For now, we simply need to know that zx::PiExpression() represents a phase of 0.
Next we need to add two CNOTs to the diagram. A CNOT in the ZX-calculus is represented by a Z-vertex (the control) and an X-vertex (the target), connected by a single non-Hadamard wire.
auto in1 = diag.getInputs()[1];
auto in2 = diag.getInputs()[2];
auto ctrl1 = diag.addVertex(1, 0, zx::PiExpression(), zx::VertexType::Z);
auto ctrl2 = diag.addVertex(1, 0, zx::PiExpression(), zx::VertexType::Z);
auto trgt1 = diag.addVertex(1, 0, zx::PiExpression(), zx::VertexType::X);
auto trgt2 = diag.addVertex(2, 0, zx::PiExpression(), zx::VertexType::X);
// connect vertices to their respective qubit lines.
diag.addEdge(newVertex, ctrl1); // omitting the edge type adds a non-Hadamard edge
diag.addEdge(ctrl1, ctrl2);
diag.addEdge(in1, trgt1);
diag.addEdge(in2, trgt2);
// add edges for CNOTs
diag.addEdge(ctrl1, trgt1);
diag.addEdge(ctrl2, trgt2);
// complete diagram by connecting last vertices to the outputs
diag.addEdge(ctrl2, diag.getOutputs()[0]);
diag.addEdge(trgt1, diag.getOutputs()[1]);
diag.addEdge(trgt2, diag.getOutputs()[2]);
Let us return to the matter of symbolic phases and phases in general.
Phases of vertices in a ZX-diagram are all of type zx::PiExpression even if the phases are variable-free.
In the variable-free case, the zx::PiExpression consists only of a constant of type zx::PiRational.
The zx::PiRational class represents angles in the half-open interval \((-\pi, \pi]\) as a fraction of \(\pi\).
For example, the number \(\pi\) itself would be represented by the fraction \(\frac{1}{1}\), the number \(-\pi / 2\) would be \(\frac{-1}{2}\).

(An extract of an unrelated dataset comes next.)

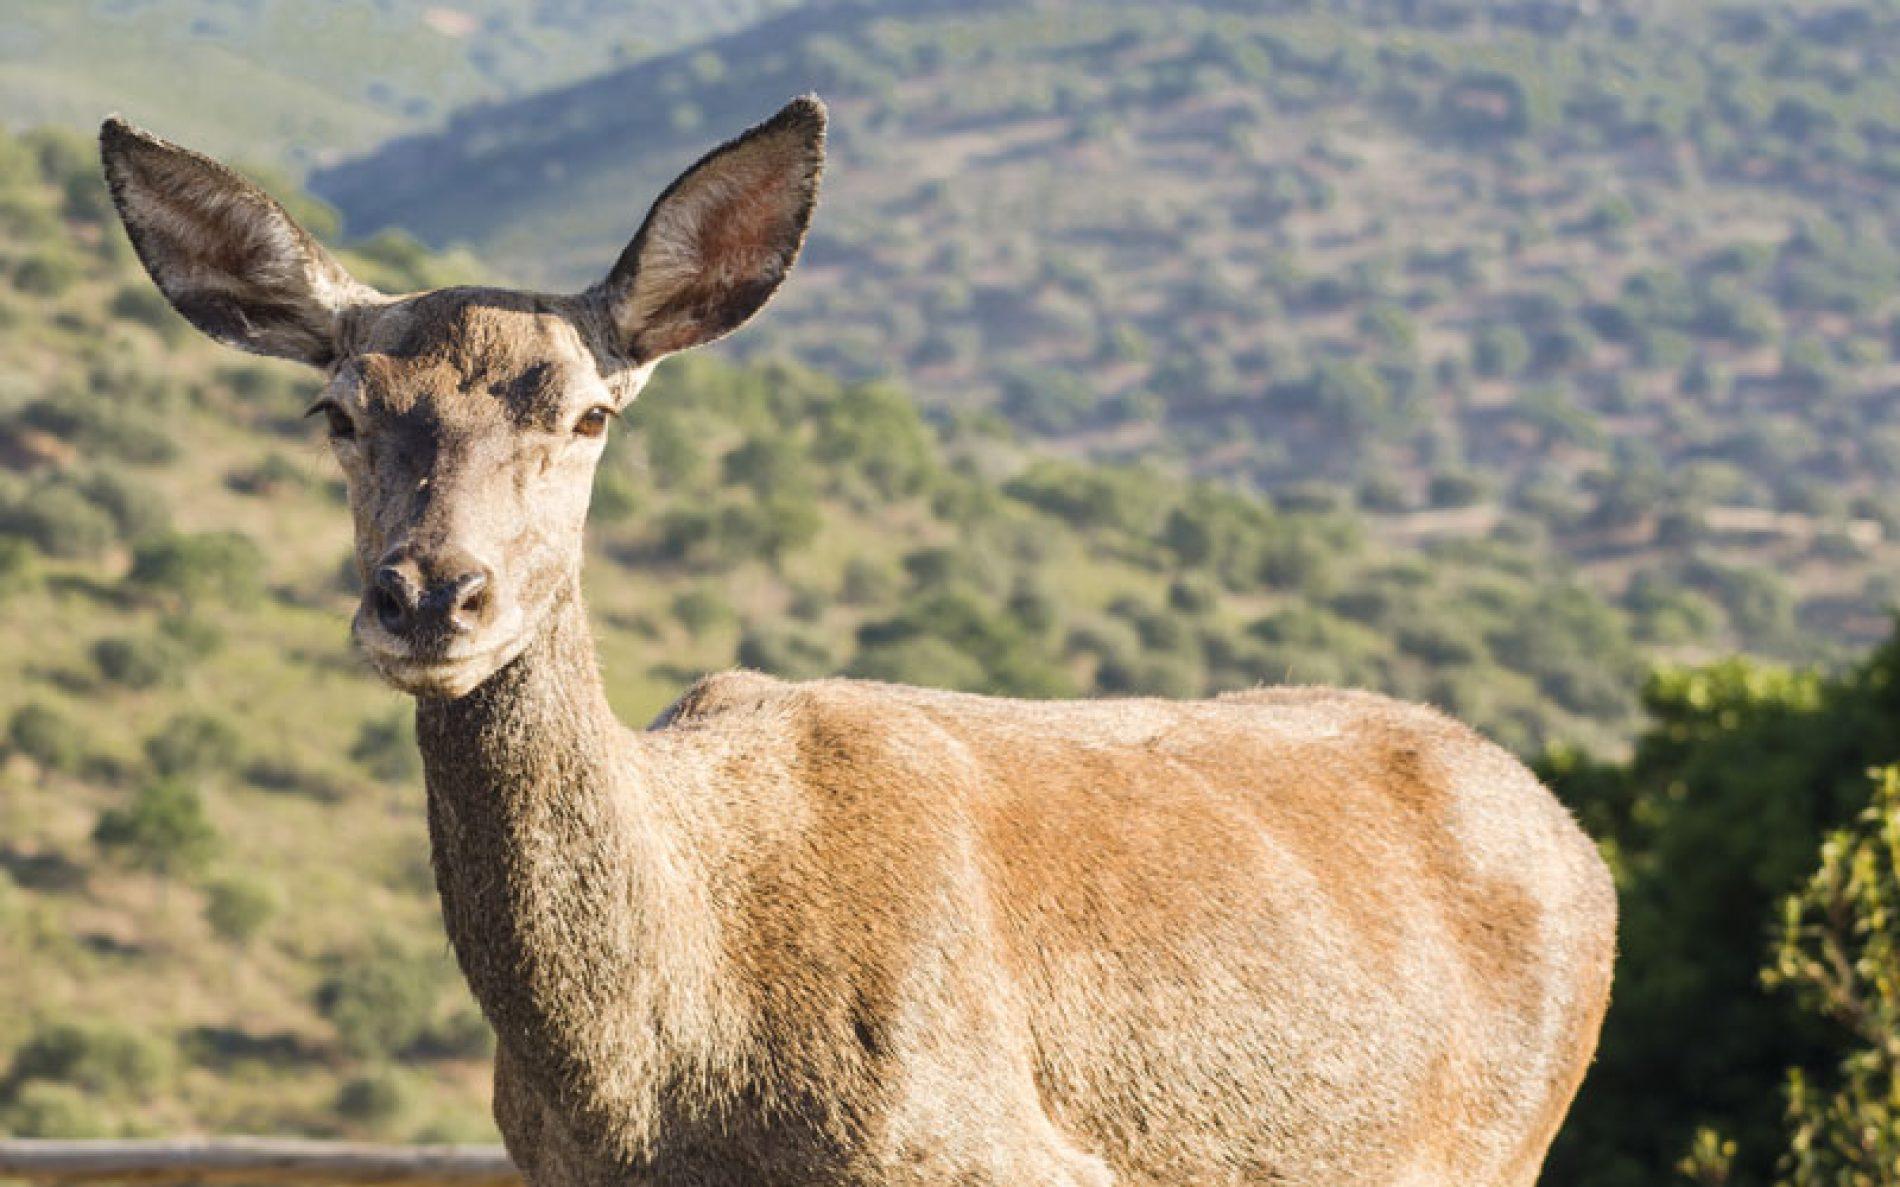 La matanza en el Parque Nacional de Monfragüe llega a la Fiscalía General

This is because phases in terms of fractions of \(\pi\) appear frequently in the ZX-calculus.
For more on symbolic expressions we refer to the code documentation.
Rewriting¶
The true power of ZX-diagrams lies in the ZX-calculus which allows for manipulating ZX-diagrams.

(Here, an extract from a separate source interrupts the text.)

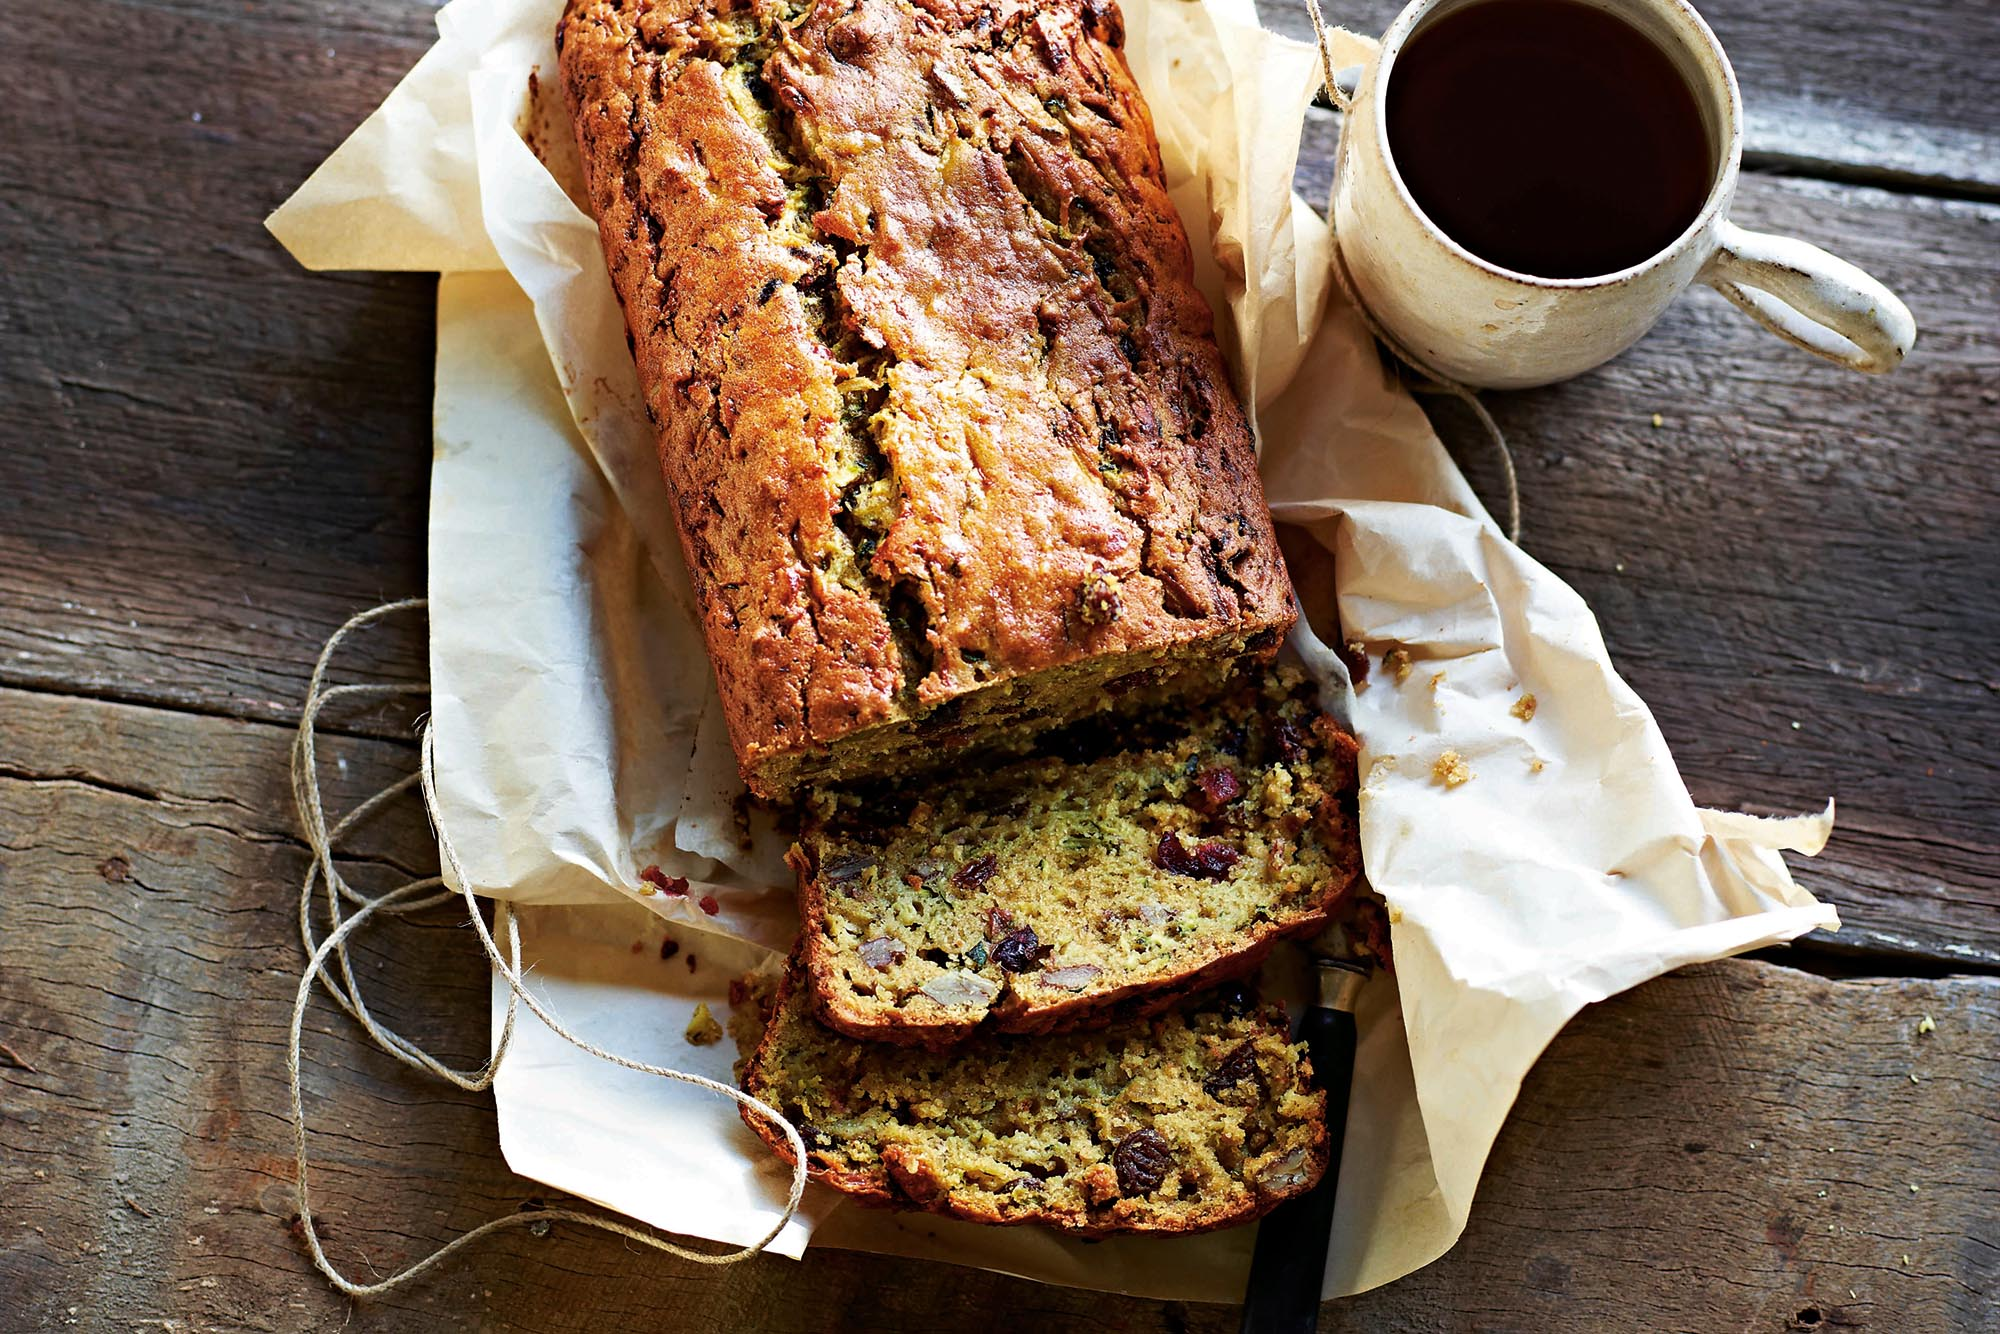 byron bay nutritionist chrissy freer zucchini loaf recipe

The MQT Core ZX-calculus library provides some rewriting rules for ZX-diagrams in the header Rules.hpp.
The simplification routines are provided in the header Simplify.hpp.
For example, the previous diagram has multiple connected Z-vertices on qubit 0. According to the axioms of the ZX-calculus, these can be merged via spider fusion. We can perform this simplification on the diagram as follows.
#include "zx/Simplify.hpp"
auto n_simplifications = spiderSimp(diag);
This results in the following diagram.
n_simplifications will be two when executing this code since two spiders can be fused.
The diagrams are manipulated inplace for performance reasons.
For an overview on simplifications, we refer to the code documentation.